*What is expected*:
Search the listing below for the word "inches", and copy every line in which it turns up.
***
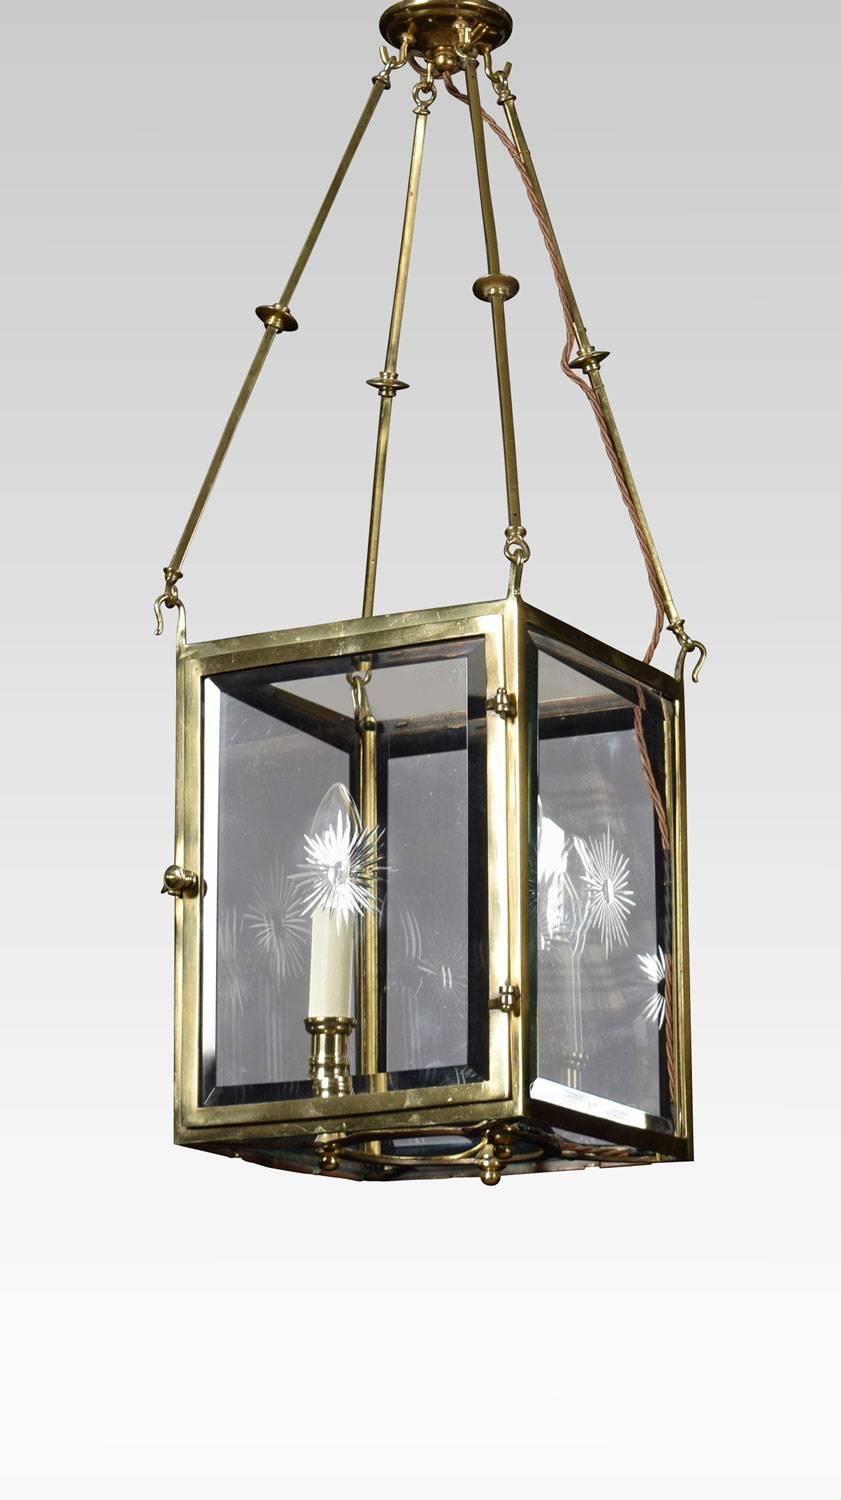 A set of three gilt brass square section hall lanterns, fitted with three lights enclosed by cut glass panels.
Dimensions:
Height 29.5 inches
Width 10 inches
Depth 10 inches.
***
*Output below*:
Height 29.5 inches
Width 10 inches
Depth 10 inches.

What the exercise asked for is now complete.